CGI Demystified

Abstract

CGI is a mean for developing dynamic content for the Web. It was widely used at the birth of the World Wide Web in the mid 1990s. Since then, better technologies have been created, easing the development of more complex and scalable web applications. CGI however, is still used for HTML forms and simple dynamic content. This article explains what CGI is through a C++ implementation. (January 2004).

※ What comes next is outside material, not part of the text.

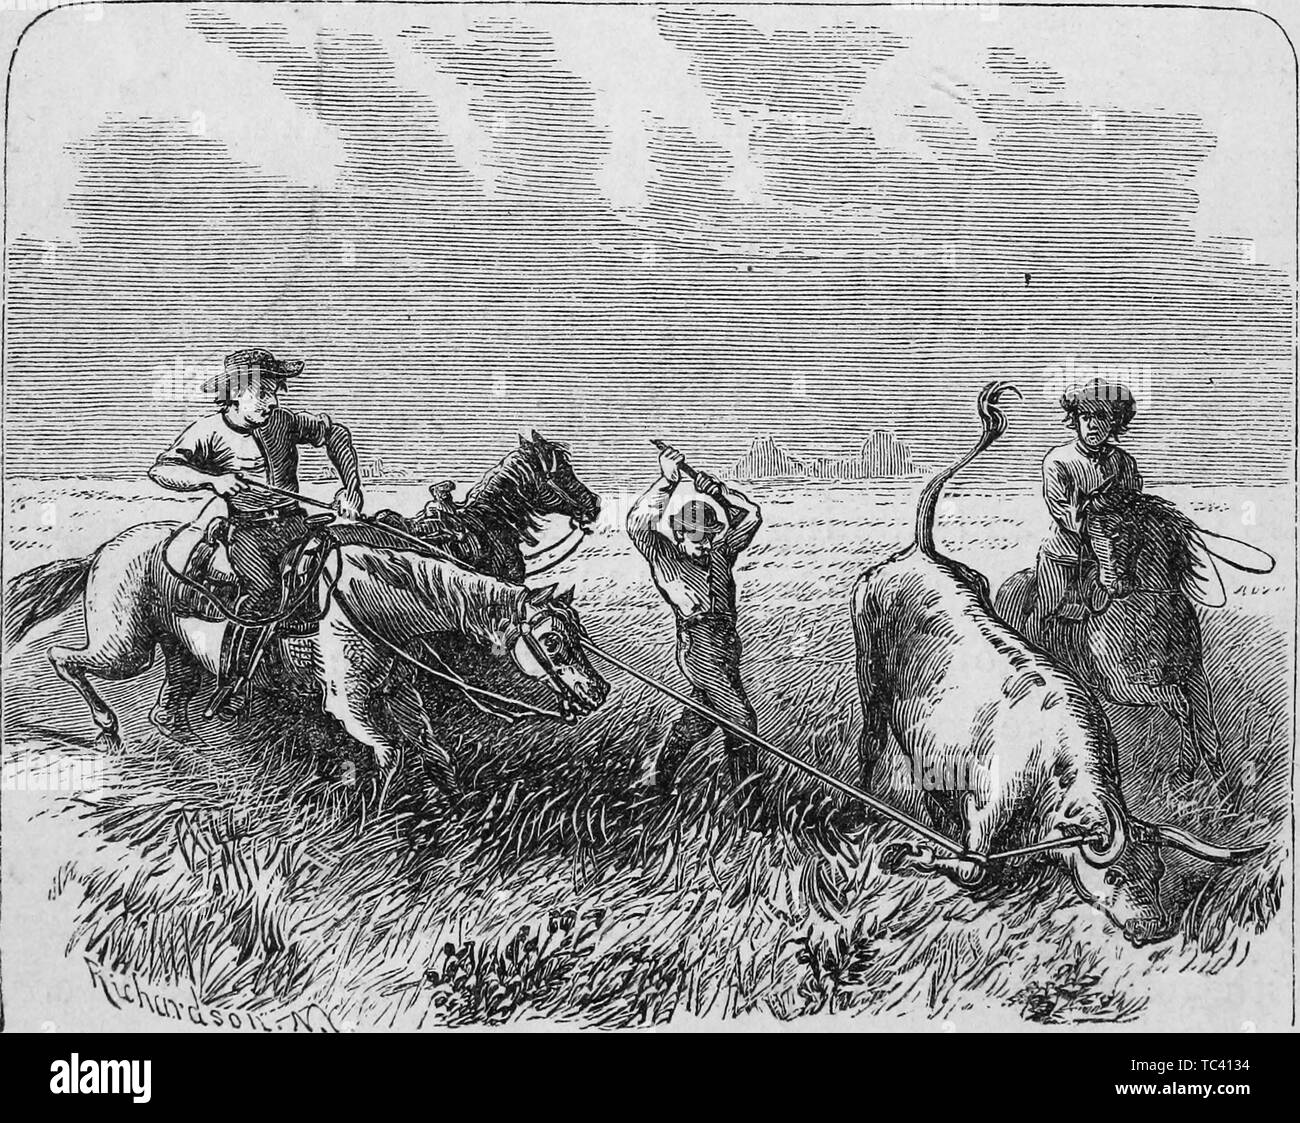 Gravure de cowboys marque un bétail, du livre "Brève histoire du Texas à partir de sa première transaction à laquelle est annexée la constitution de l'état' de De Witt Clinton Baker, 1873. Avec la permission de Internet Archive. () Banque D'Images

In the early days of the Web, each HTTP server offered its own mechanism of server-side, executable support. This is the functionality that allows a server to call upon an executable program residing on the server, to assist in fulfilling an HTTP request. In order to provide a standard interface so that developers could write general server-side programs for any HTTP server, the National Center for Supercomputing Applications (NCSA) developed version 1.0 of the CGI. The current version is CGI/1.1.

What is CGI?

The Common Gateway Interface (CGI) [1] is a standard, not a specification. Contrary to many people's belief, CGI is not a programming language either. It defines how input information is passed from user-agents, such as web browsers, to executable programs on the server, and how the latter send data back. Consequently, programs conforming to the CGI standard can be written in any programming languages, as long as the server can execute them. They may be written in compiled languages (CGI programs) such as C, C++, Pascal, or in scripting languages (CGI scripts) such as Perl, Python or shell scripts. In the remainder of this document, the term gateway program is used to refer to CGI executables, whether they are compiled programs or scripts.

Passing Parameters

One way to pass parameters to a program executed from the command line is using command line options and arguments. However with CGI, command line options and arguments cannot be sent directly to the program. Instead, parameters are passed through environment variables. Table 1 lists the environment variables defined by CGI that the server sets when executing a gateway program.

Additionally, the HTTP request header fields [3] are placed to the environment variable with the prefix HTTP_ followed by the header name in upper case. Any hyphen (–) in the header field name is changed to underscore (_) in the environment variable name. The server may exclude any header that it has already processed such as Content-type, Content-length, etc.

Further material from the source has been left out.